1-Cyclopropylcyclopropanecarboxylic acid (2), which is accessible on a large scale (900 mmol) from 1-bromo-1-cyclopropylcyclopropane (1) in 64% yield (89% on a 12.4 mmol scale), has been subjected to a Curtius degradation employing the Weinstock protocol to furnish the N-Boc-protected (1-cyclopropyl)cyclopropylamine 3 (76%). Deprotection of 3 with hydrogen chloride in diethyl ether gave the (1-cyclopropyl)cyclopropylamine hydrochloride (4·HCl) in 87% yield.

Introduction

Several recent patent applications have stirred an increasing interest in research departments of pharmaceutical and agrochemical companies concerning 1- and 2-substituted 1,1'-bicyclopropyl derivatives. Among them, intermediates containing a (1-cyclopropyl)cyclopropylamine moiety appear to be particularly important and desirable for the preparation of biologically active and pharmacologically relevant compounds. For example, a number of derivatives of (1-cyclopropyl)cyclopropylamine (4) have been found to be useful variously for the treatment of hepatitis C [3,4], as pest control agents [5], as inhibitors of methicillin-resistant Staphylococcus aureus [5], as pesticides, insecticides and acaricides [7-13] and more. This amine has been prepared from cyclopropyl cyanide [3-13] by application of the Szymoniak–Kulinkovich reductive cyclopropanation procedure [14,15]. In our hands, however, this patented protocol [3-13] provided poor yields (15–20%) of impure 4 [16], which had to be purified by conversion to the corresponding tert-butyl carbamate and subsequent column chromatography. Thus, this procedure was not easily scalable to 10–50 g quantities. To meet such demands, we have developed an alternative route to 4 from the easily available corresponding carboxylic acid 2 [17,18] by Curtius degradation [19,20].

Results and Discussion

Preparation of the acid 2 from the known 1-bromo-1-cyclopropylcyclopropane (1) [21,22] according to the published procedure [17] was accomplished on a 100 g scale (Scheme 1). However, the yield of the carboxylation on a scale of 12.4 mmol, 900 mmol and 1400 mmol, was 89, 64 and 62%, respectively. This is associated with the longer reaction time employed on a larger scale, during which the intermediate 1-cyclopropyl-1-lithiocyclopropane may be trapped by the by-product tert-butyl bromide, leading to isobutene by dehydrobromination [23,24]. Indeed, the reaction on a 200 mmol scale, but over a period of 3 h, furnished 2 in 46% yield only. According to previous experience, this undesired side reaction can be suppressed by employing two equivalents of tert-butyllithium [23]. Thus, the yield of 2 may be improved even for large scale preparation.

[1860-5397-7-113-i1]

Scheme 1: Preparation of 1-(cyclopropyl)cyclopropylamine hydrochloride (4·HCl).

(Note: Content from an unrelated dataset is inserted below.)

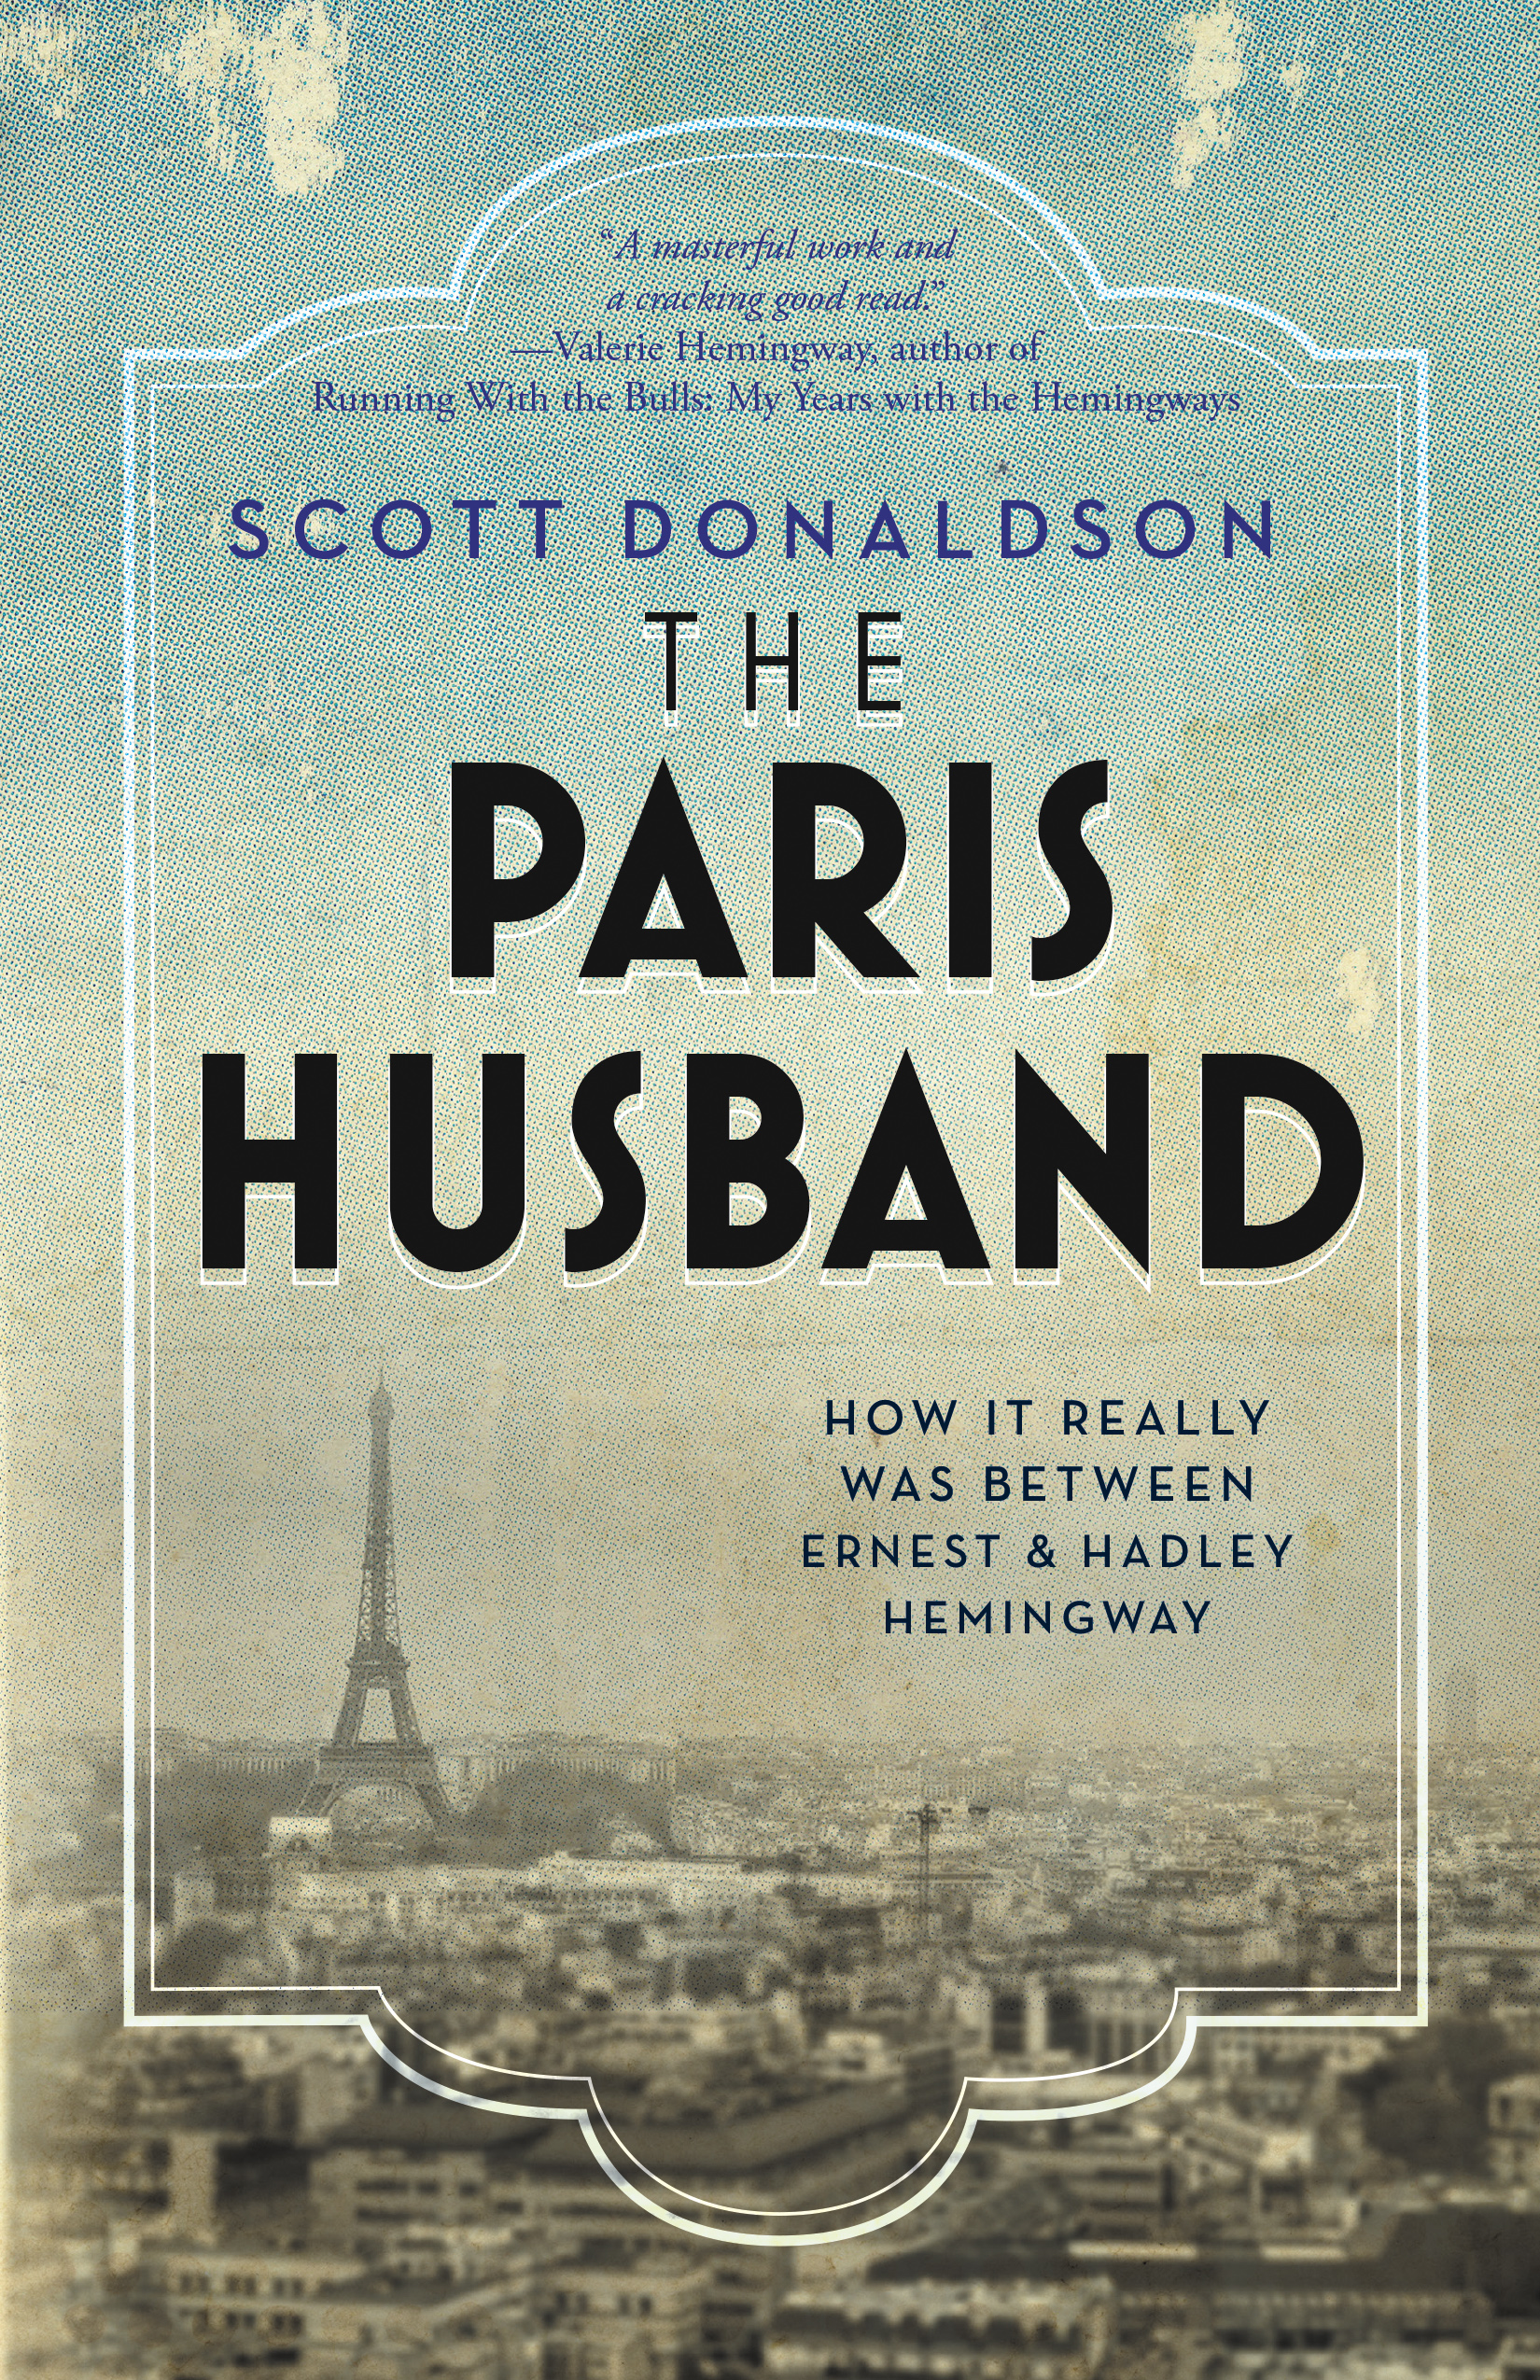 FREE: The Paris Husband: How It Really Was Between Ernest and Hadley Hemingway by Scott Donaldson

Curtius degradation of the acid 2 via the corresponding azide, according to the Weinstock protocol [19,20] as previously employed in different examples [2,25], furnished the N-Boc-protected (1-cyclopropyl)cyclopropylamine 3 in 76% yield. It was essential to carefully dry the solution of the intermediate azide, otherwise the yield of 3 dropped dramatically, and the desired product was accompanied by 1,3-di(bicyclopropyl)urea (5) in up to 50% yield (Scheme 1). The structure of the latter was confirmed by an X-ray crystal structure analysis (Figure 1) [26].

[1860-5397-7-113-1]

Figure 1: Structure of 1,3-di(bicyclopropyl)urea (5) in the crystal [26].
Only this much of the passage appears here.